Data segment Block Start

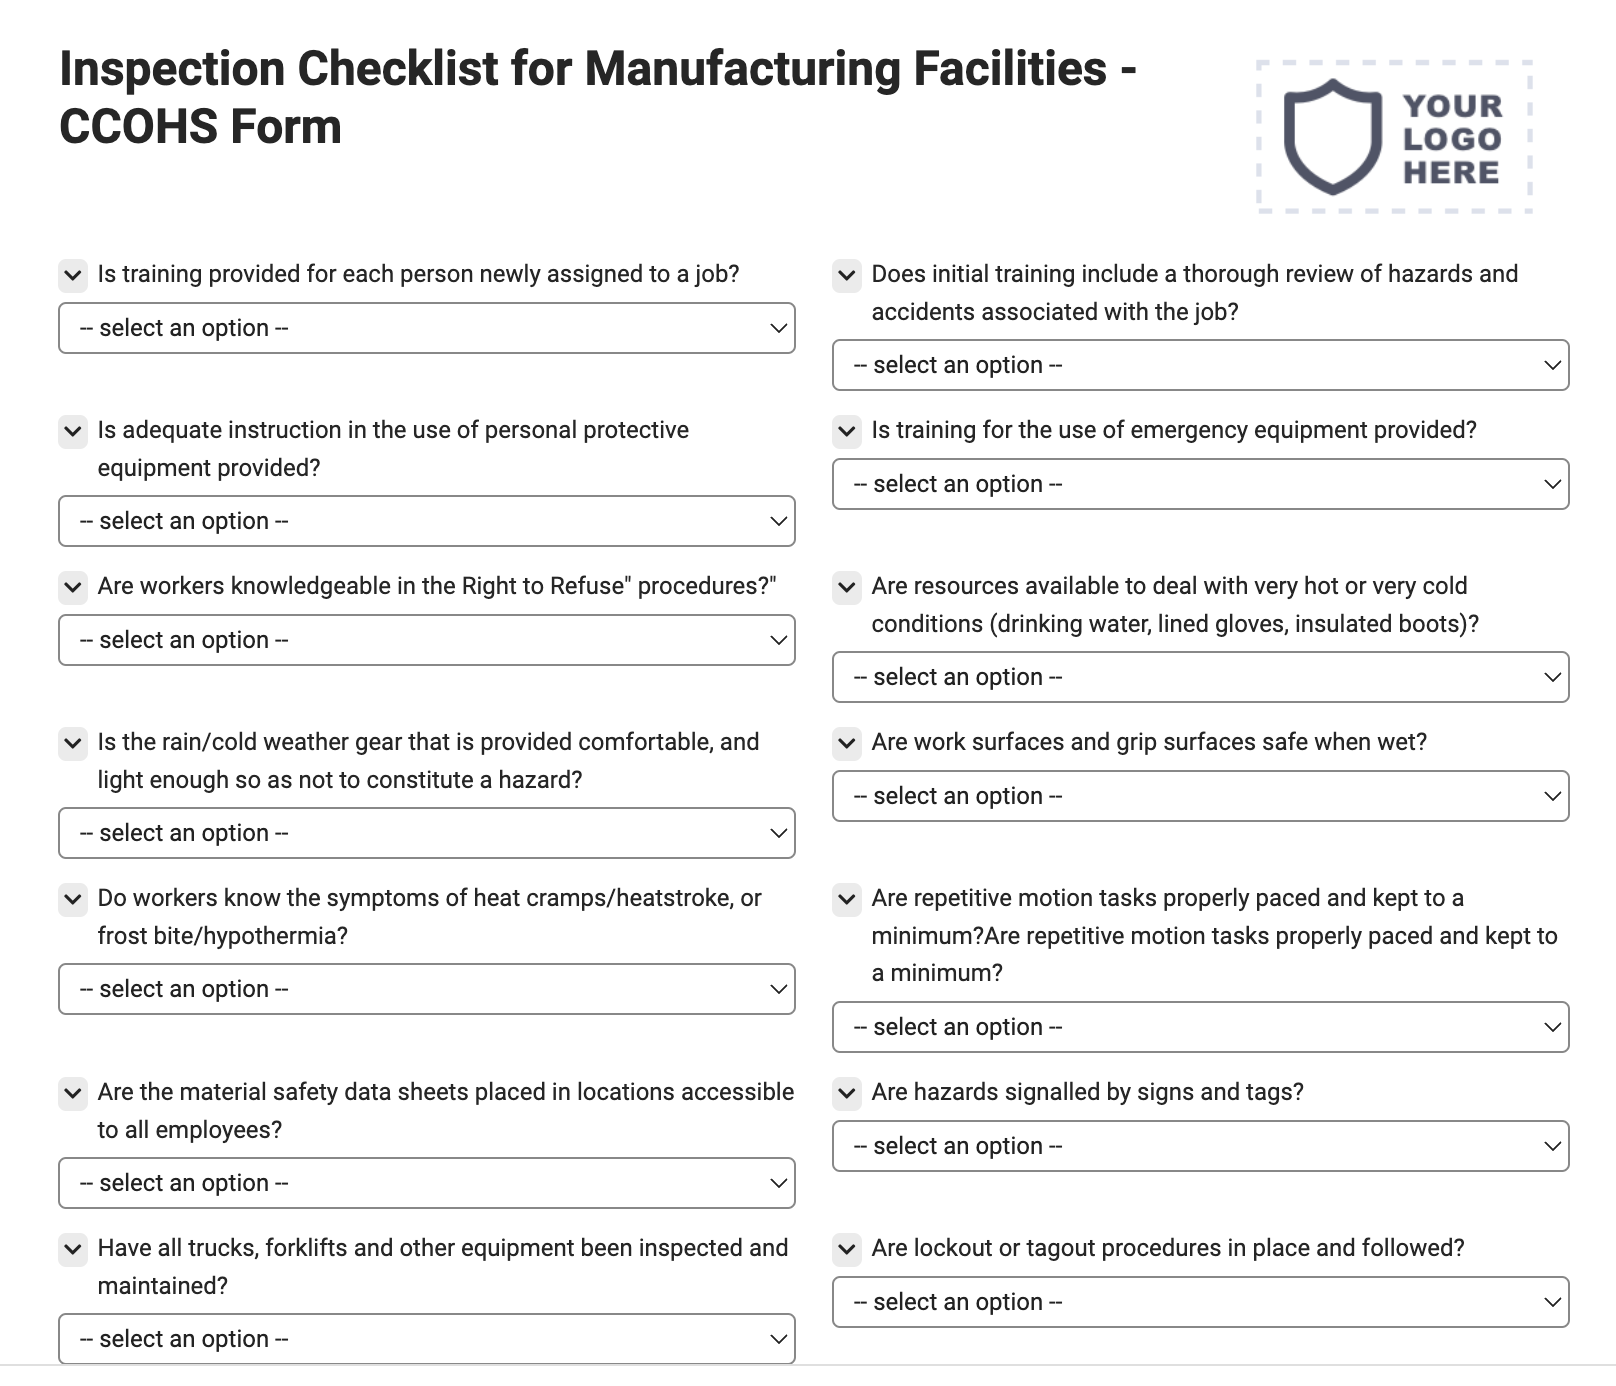 Inspection Checklist for Manufacturing Facilities - CCOHS
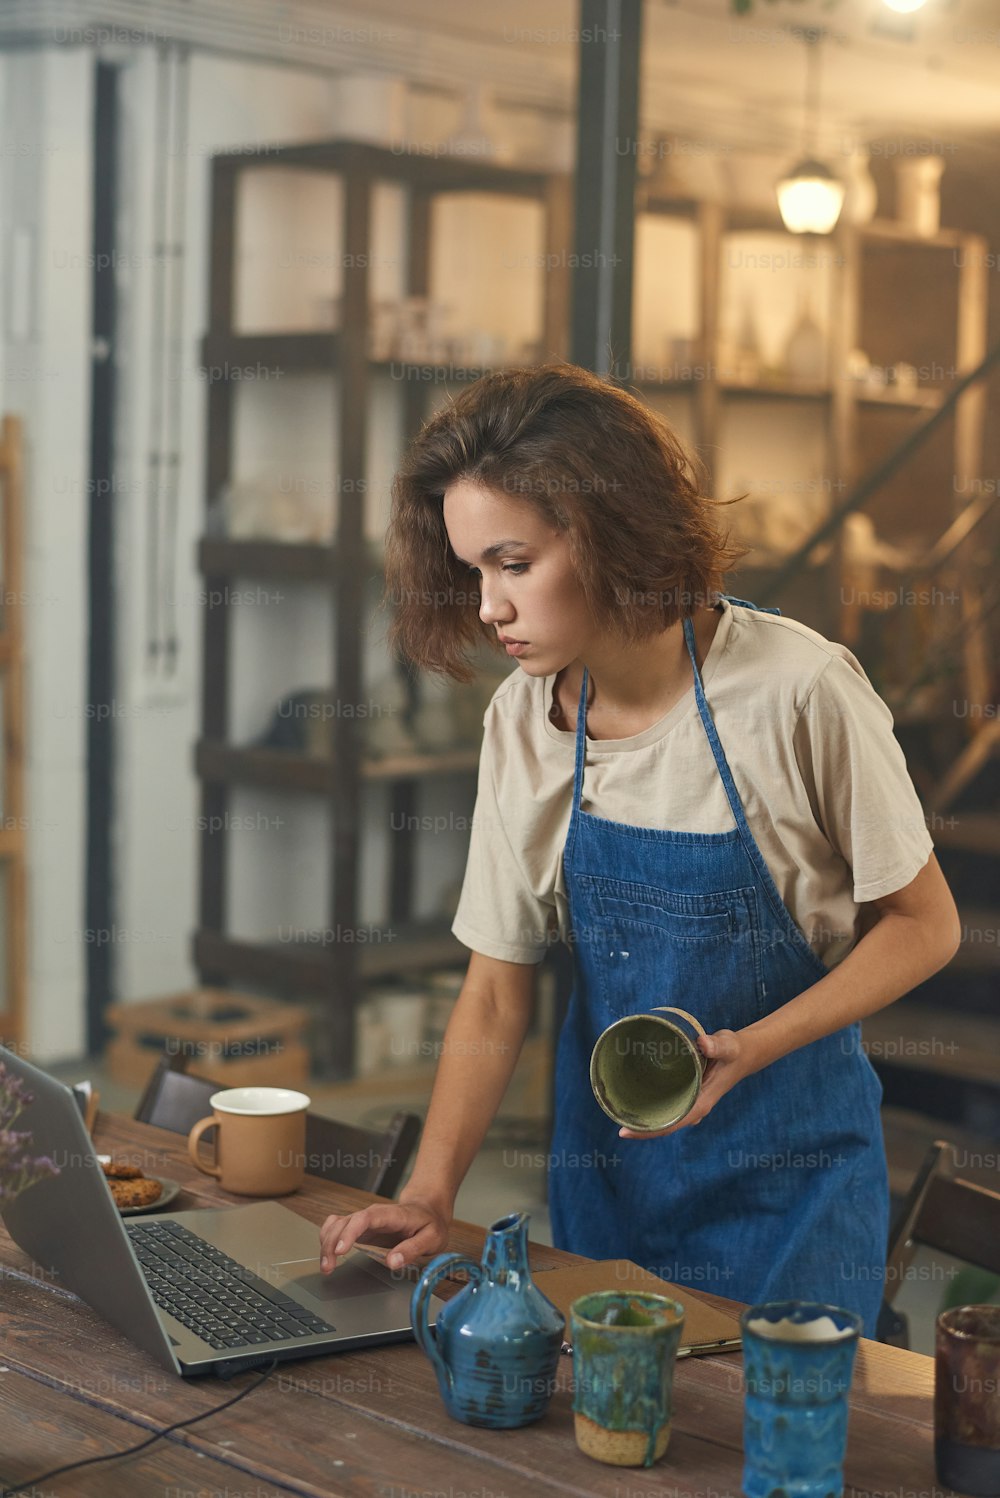 Craftswoman with handmade mug standing by table and looking at laptop screen while watching online video
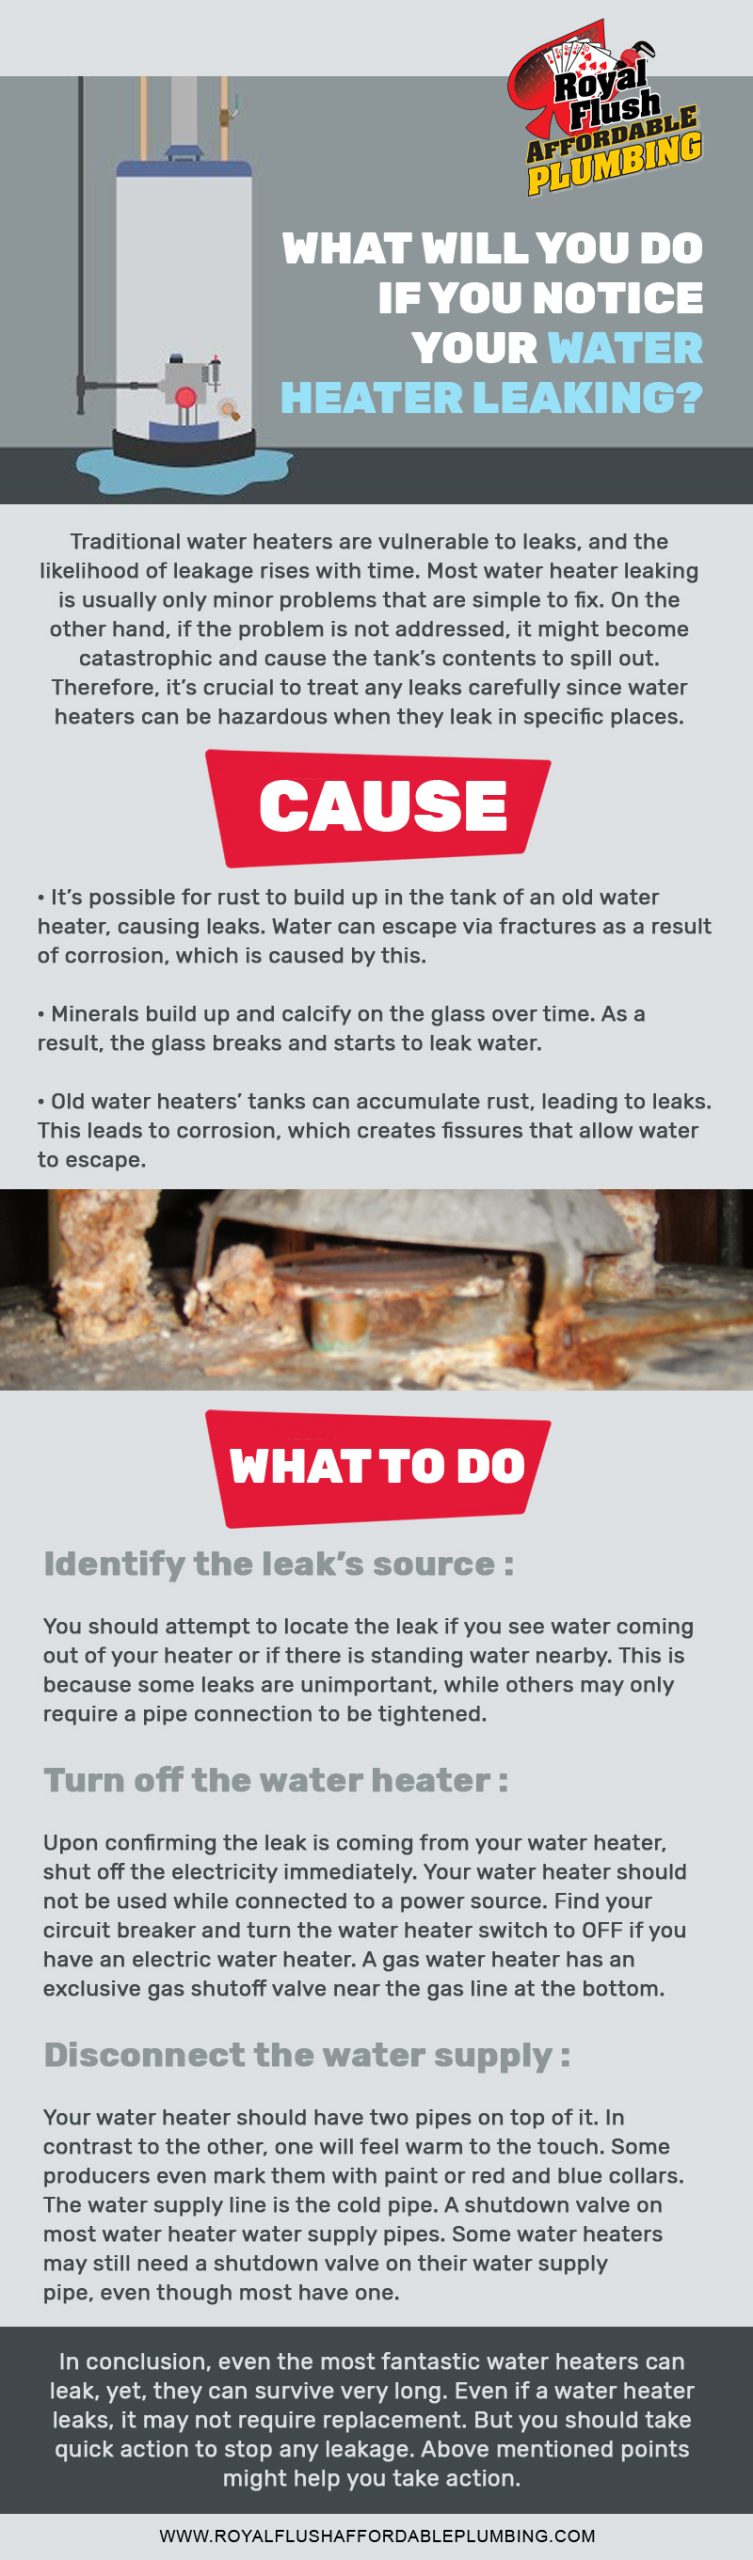 water-heater-leaking-infographics
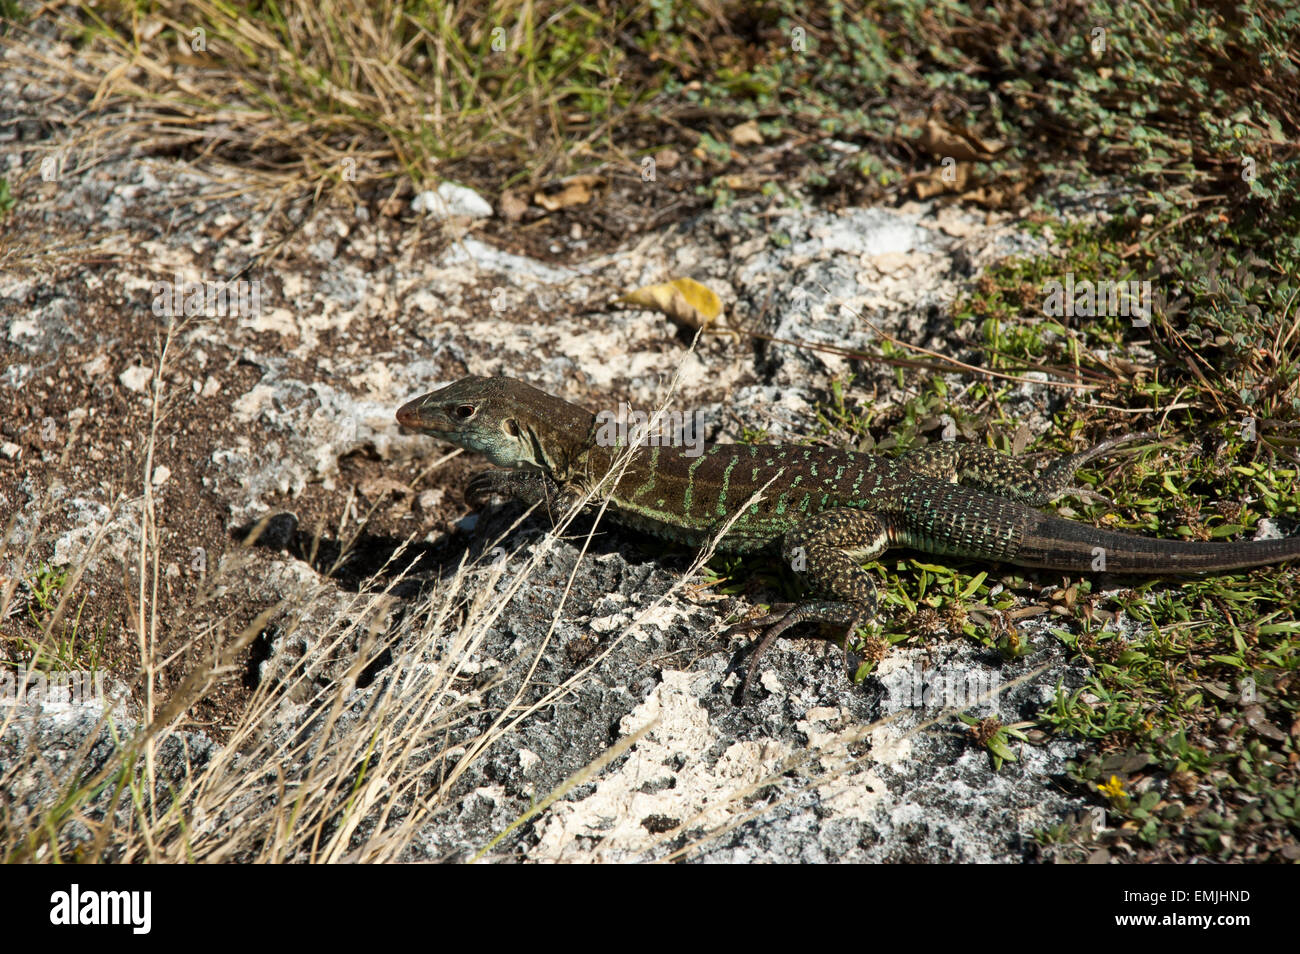 On Great Bird Island off Antiguan coast some Griswold's Ameiva lizards are sunbathing, an endemic lizard to Antigua and Barbuda. Stock Photo

Data segment Block End

What is being asked -
The result should be the same data as above, line for line, with the pictures gone.

Exercise solution -
 Inspection Checklist for Manufacturing Facilities - CCOHS
 Craftswoman with handmade mug standing by table and looking at laptop screen while watching online video
 water-heater-leaking-infographics
 On Great Bird Island off Antiguan coast some Griswold's Ameiva lizards are sunbathing, an endemic lizard to Antigua and Barbuda. Stock Photo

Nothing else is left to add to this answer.